IDM: Let’s say you’re having a really bad day, you just wake up and you know that you aren't feeling right. What is the first thing that you do to try and get your mental health back in a good space?
KM: I've had some bad times where getting out of bed is very hard. I always think that you have to count even the littlest things as wins because some days, getting out of bed and having a shower, and getting dressed is a win. You can't diminish how hard it was to do that and the achievement that you've done it. So I think the first thing I always do is count any achievement as a win. For me it’s giving myself a break and going, ‘You know, these things are hard but you're still doing them and that's good.’ It's the small things. It's getting up every day and getting dressed and making my bed. And I build up from that. Anybody who suffers from depression knows that some days are easier and then some days are harder. You don't know what you're dealing with on any given day until you're dealing with it. So some days I'm like, ‘Everything's great, and I can go see my friends and have them over for dinner’. And other days I'm like, ‘It's going to be hard to even have a shower today.’
I made a rule for myself when I was younger that I have to interact with a person once a day. It didn't matter who it was, and it didn't matter what it was. It didn't matter if it was going out to get a cup of coffee. I just needed to speak to another person every day. Interacting with people was a big one for me because if you leave me on my own, when I'm in a dark place, I will stay in my bed and I won't leave. That was one of the reasons I ended up getting a dog. When you have a dog, people are so positive and so happy when they see you. They'll stop and talk to you, but they'll talk to you about the dog. So it's easy to be happy when you're not having to answer questions about yourself. And it's literally the most positive interaction.
IDM: So does it come naturally to prioritize your mental health? Or do you think you still just really have to work on it?
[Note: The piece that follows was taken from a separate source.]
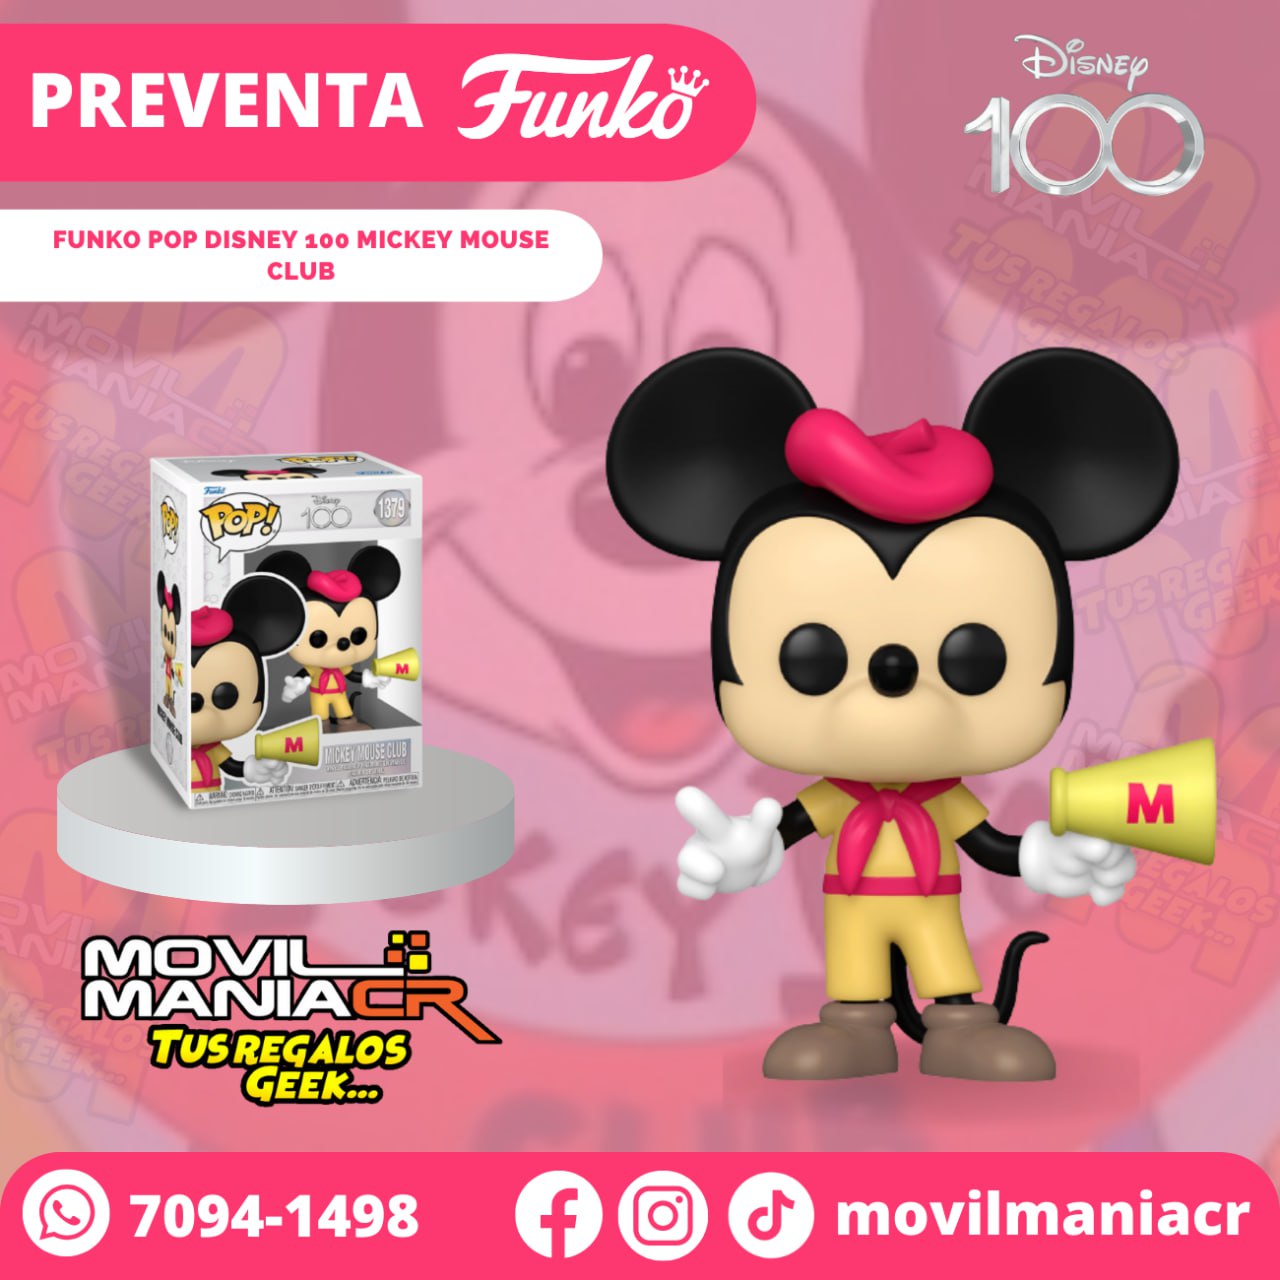 Preventa Funko Pop Disney 100 Mickey Mouse Club #1379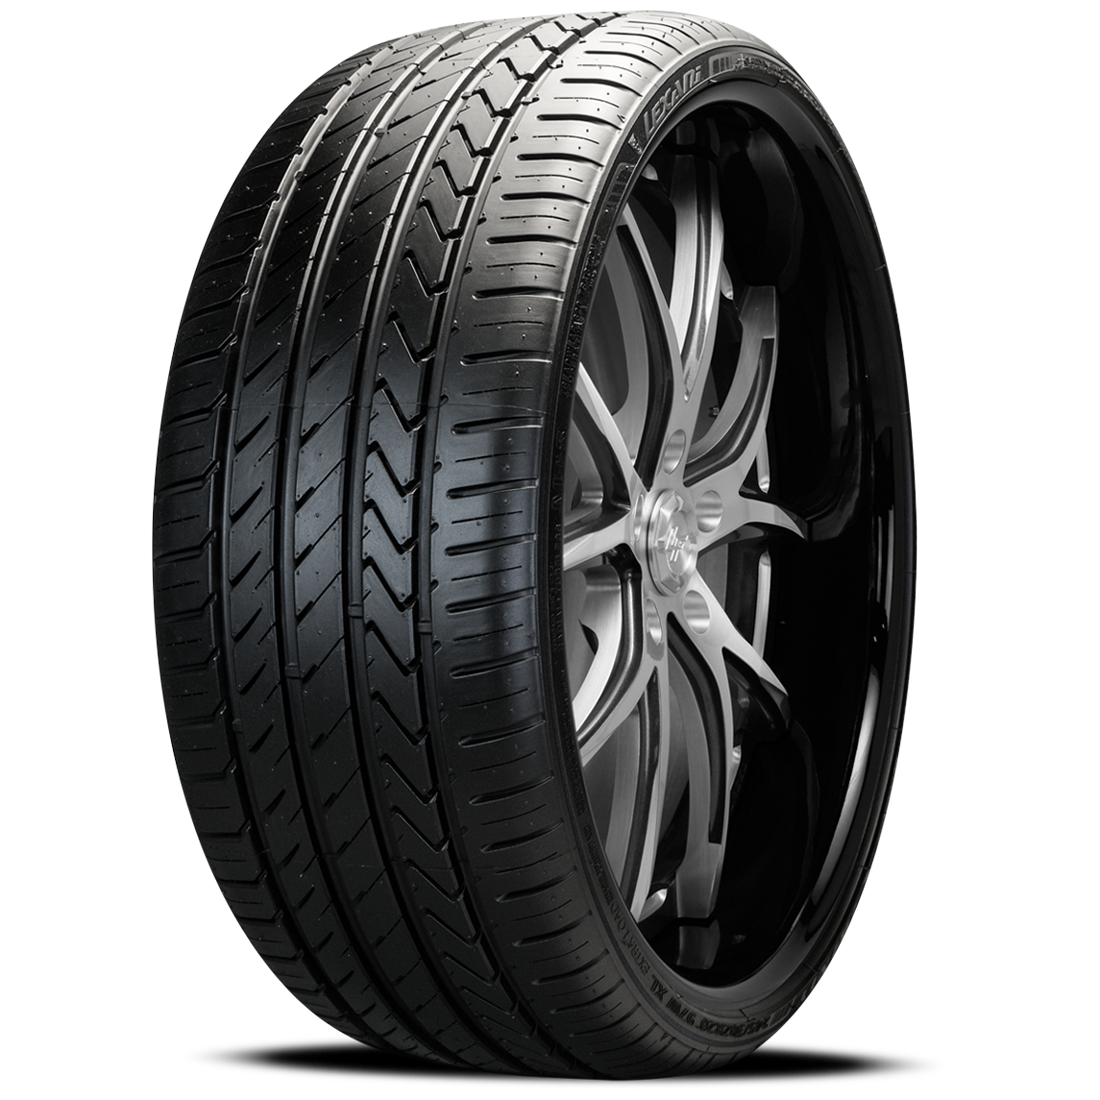 LEXANI LX-TWENTY 225/35ZR19 (25.2X9.1R 19) Tires

KM: No, it doesn't come naturally. I have to try very hard at it. I figured out what works for me and it's so ingrained in me now, but it took me a long time to get there. I am not naturally somebody who is good at looking after themselves and good at taking stock of the things that are weighing on me. So it's something I've had to learn and it's something that I still continue to have to learn because there are times where I'm like, ‘I've got this down, it's great.’ And then I'm like, ‘Oh shit. No, I'm not managing this at all.’
One thing I will say is that there are very few things in my life that cannot be fixed by a good book and a cup of tea. And sometimes it's the simplest of things that will take you out of yourself and make you feel better. There's so much, especially with social media, of other people telling you what works for them and there can be such pressure to think that what works for them will work for you. But we're all individuals. We all have individual needs. And it took me many years to be okay with that. My individual needs weren't necessarily what everybody else's were.